Anaphylaxis is a life-threatening, systemic hypersensitivity reaction and the most severe form of allergic reaction. This is a systemic response to a specific allergen and usually occurs acutely after exposure.6 In children, food-related reactions are the most common mediated by immunoglobulin E (IgE) leading to mast cells and basophils activation and degranulation. Other common mediators released as a result of the reactions include histamine, heparin, tryptase, kallikrein, platelet-activating factor, bradykinin, tumor necrosis factor, nitrous oxide, interleukins and other pro-inflammatory cytokines.3 While manifestations can include neurological response which occur about 15 percent of the time, patients may exhibit headache, dizziness, lightheadedness, confusion, tunnel vision, and loss of consciousness. Prompt intramuscular epinephrine administration is the therapy of choice, along with ensuring proper oxygenation and circulation.4 In severe forms as noted in this case, the patient may require advanced airway and continuous infusion of epinephrine to enhance vasoconstriction, increase peripheral resistance, decrease mucosal edema, increase cardiac inotropy/chronotropy, and bronchodilation to reverse the airway obstruction.5
While complications of anaphylaxis can affect most systems, neurological manifestation post-anaphylaxis is rare. To our knowledge, this is the first description of such a patient case where memory loss occurred after severe anaphylaxis. Prior case studies describing a similar manifestation was reported in an adult patient where memory loss occurred after an insect sting.7 Similarly, this patient also experienced headache, disorientation, and an inability to concentrate or to initiate movement.7 While our patient’s weakness was likely associated with patient’s brief hospital stay, his confusion, agitation and disorientation were persistent for several months after discharge.

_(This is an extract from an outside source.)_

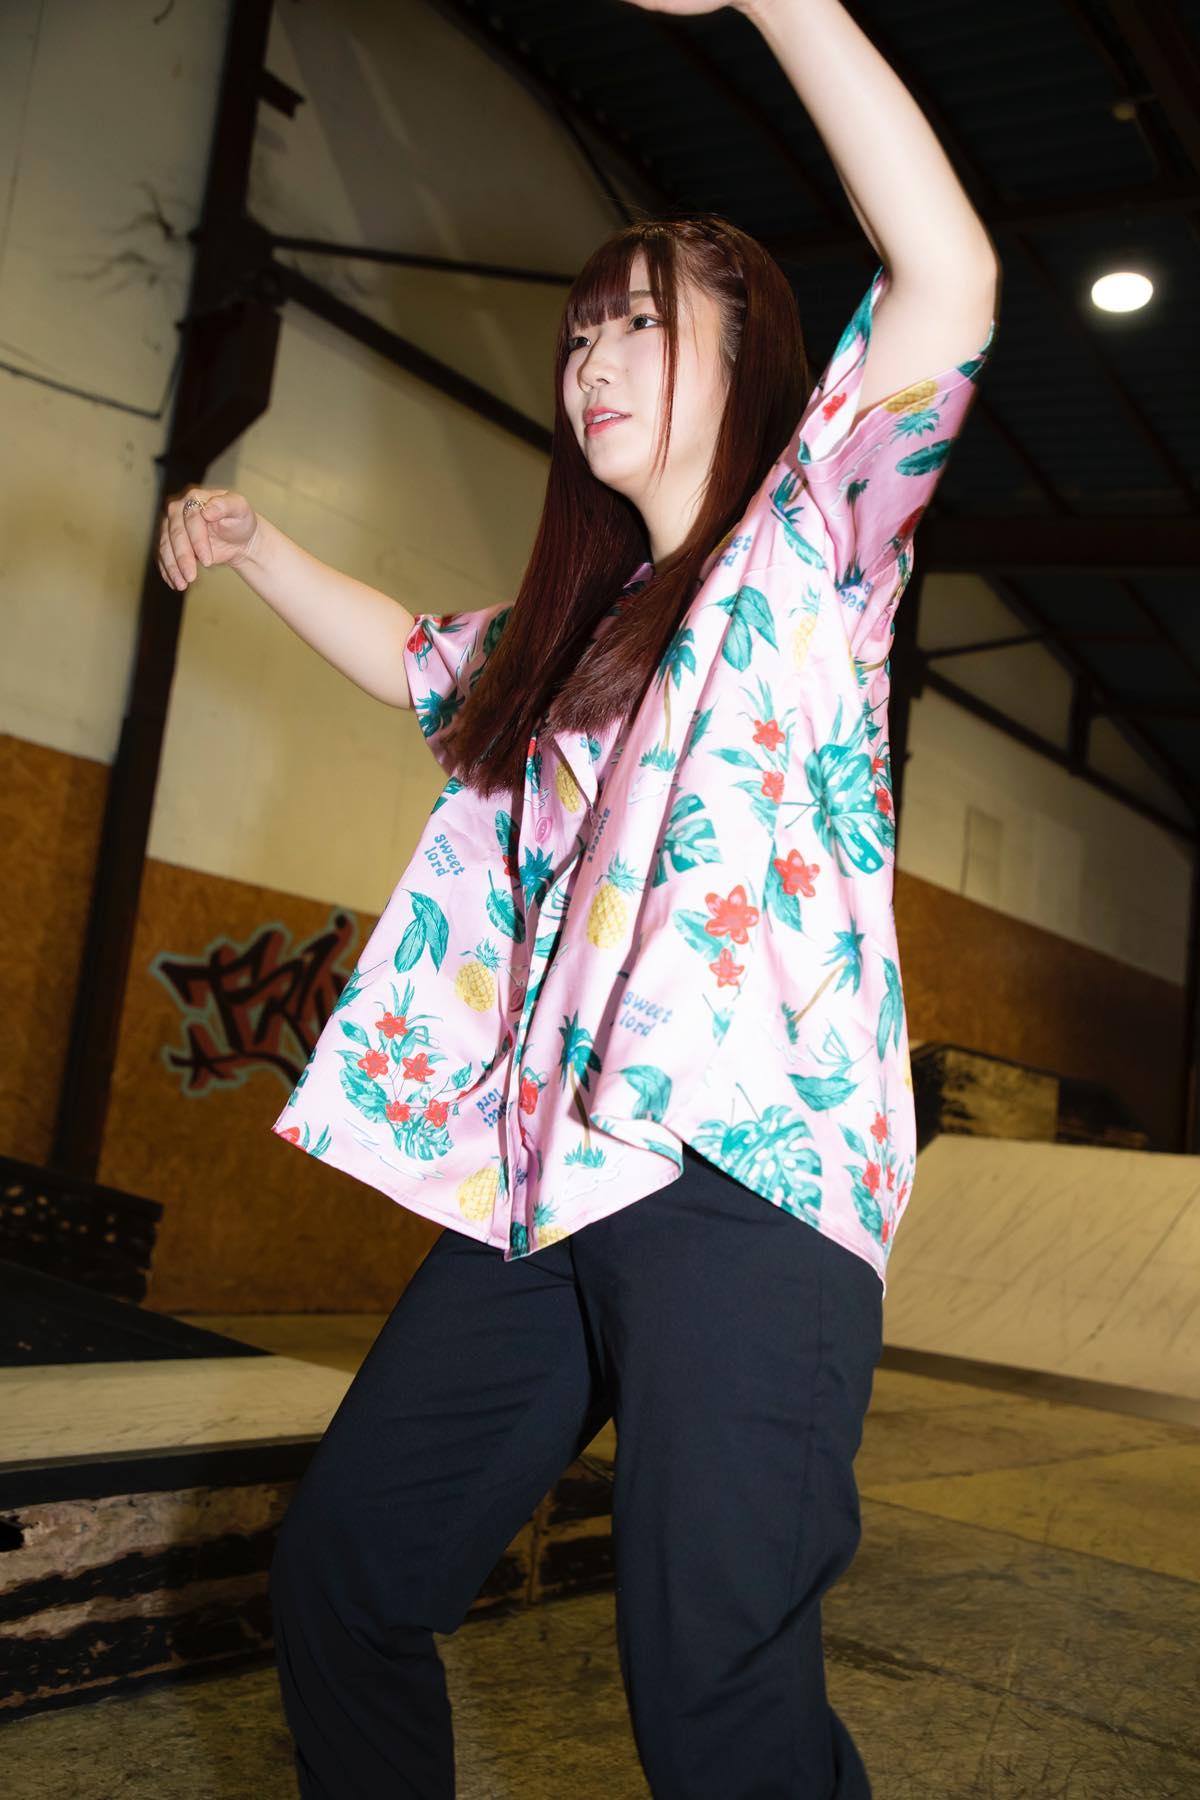 米田みいな「初めてのインラインスケートでなぜかにゃんこスターのモノマネ!?」【写真37枚】【連載】ラストアイドルのすっぴん!vol.21の画像019

A proposed pathophysiological explanation in that case report suggested an ischemic necrosis of the Carbonic Anhydrase (CA)-1 area of the hippocampus caused by mediators released during the acute event. Our patient did not have any additional imaging after the hospital course nor an EEG to look for changes compatible with neurological deficits. It is important to note that the adult case described showed no changes on MRI but had a nonspecific abnormality in the temporal region.7
While there were some similarities in the clinical features of both cases, neither could directly associate the ensuing anaphylactic reaction with this neurologic complication post-event and treatment.

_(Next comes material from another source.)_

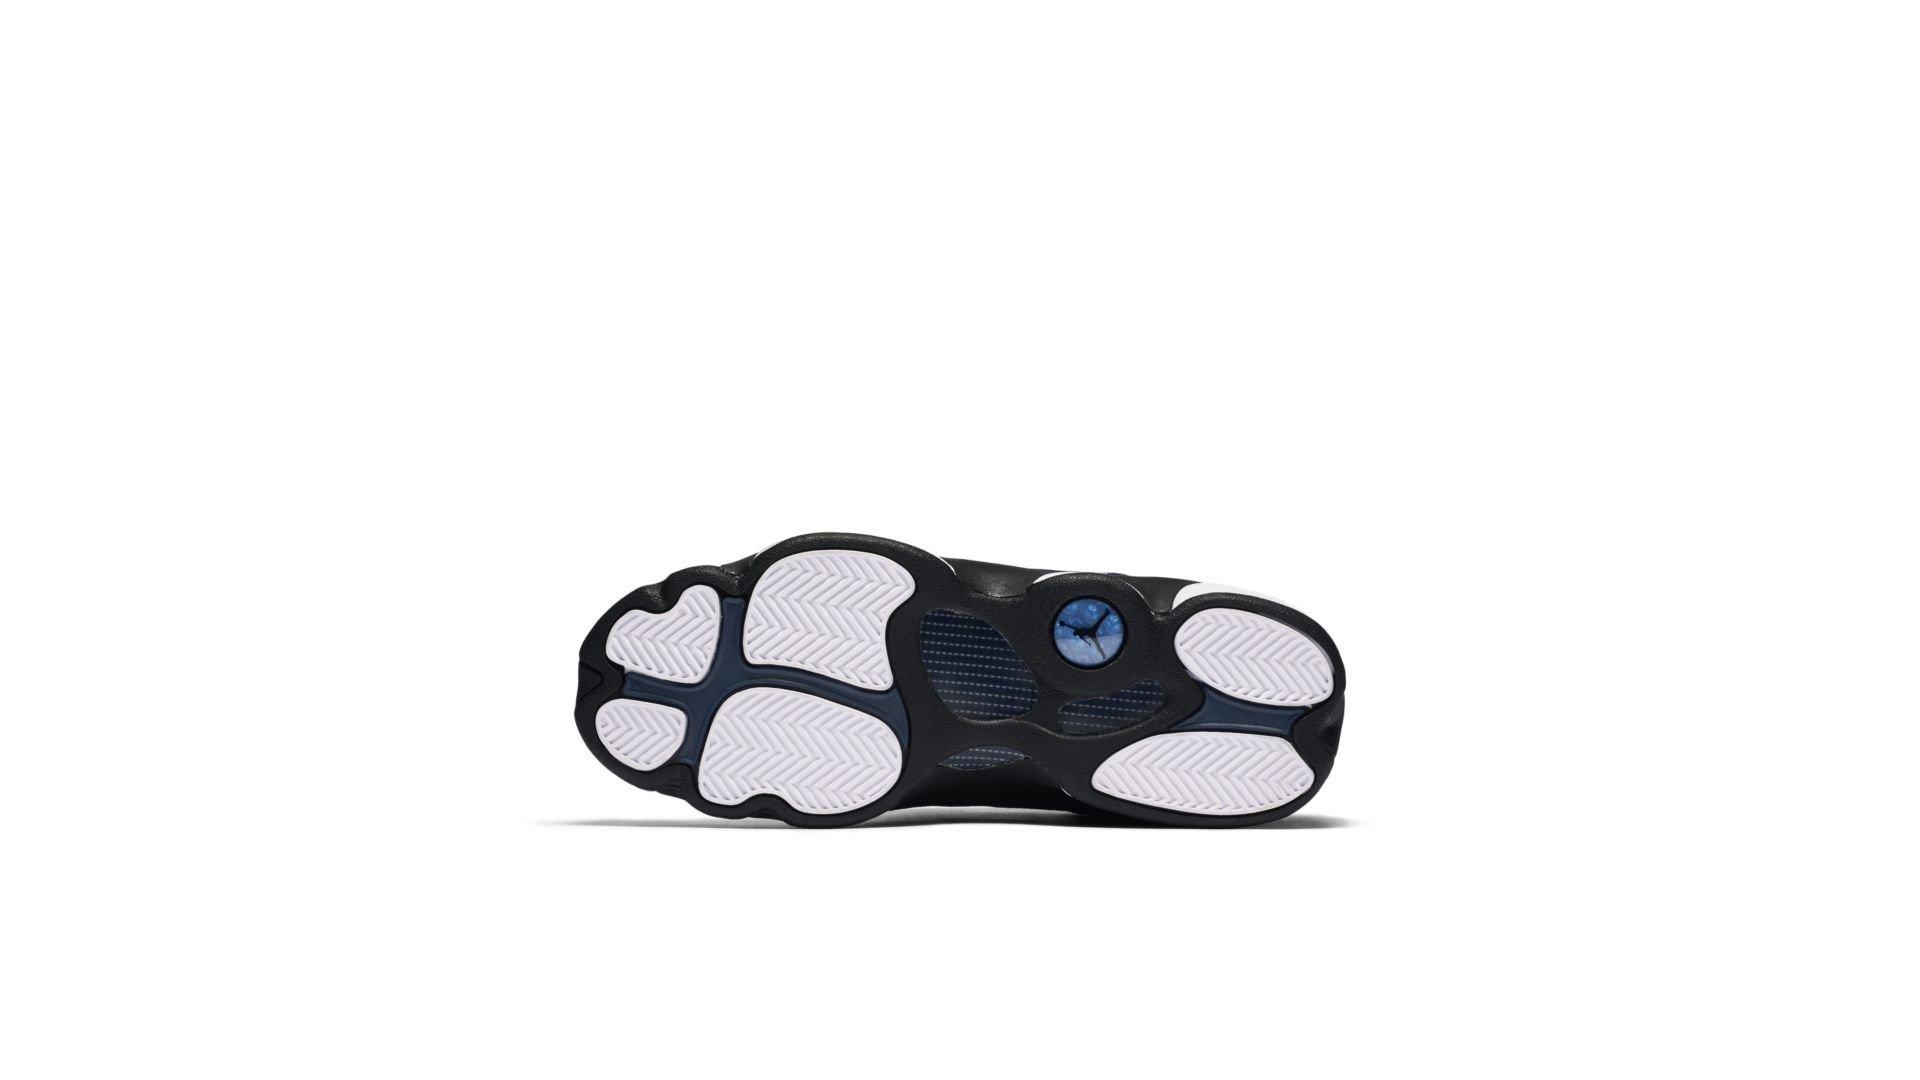 Jordan 13 Retro Low Brave Blue (GS) (310811-407)

Other factors that may have contributed include a sustained inflammatory response which has been documented in previous studies.8–11 While anaphylaxis mediators are generally confined to the airways, cytokines such as Interleukin (IL)-33 may induce an inflammatory state in the central nervous system. IL-33, a member of the IL-1 cytokine family, is described as a key regulator of neuroinflammation8–11 and is associated with different allergic inflammations such as food anaphylaxis and respiratory allergens. Recent study suggest that this cytokine is associated with cognitive impairment in the hippocampus.8 It is not clear whether this could potentially occur in all patients with severe anaphylaxis, nevertheless, these potential pathways to post-anaphylactic neurological complications should be considered in pediatric patients who present with significant anaphylaxis. Further studies to elucidate these factors should be encouraged to further understand the pathophysiology of this neurological post-treatment manifestation to better support patients and their care takers.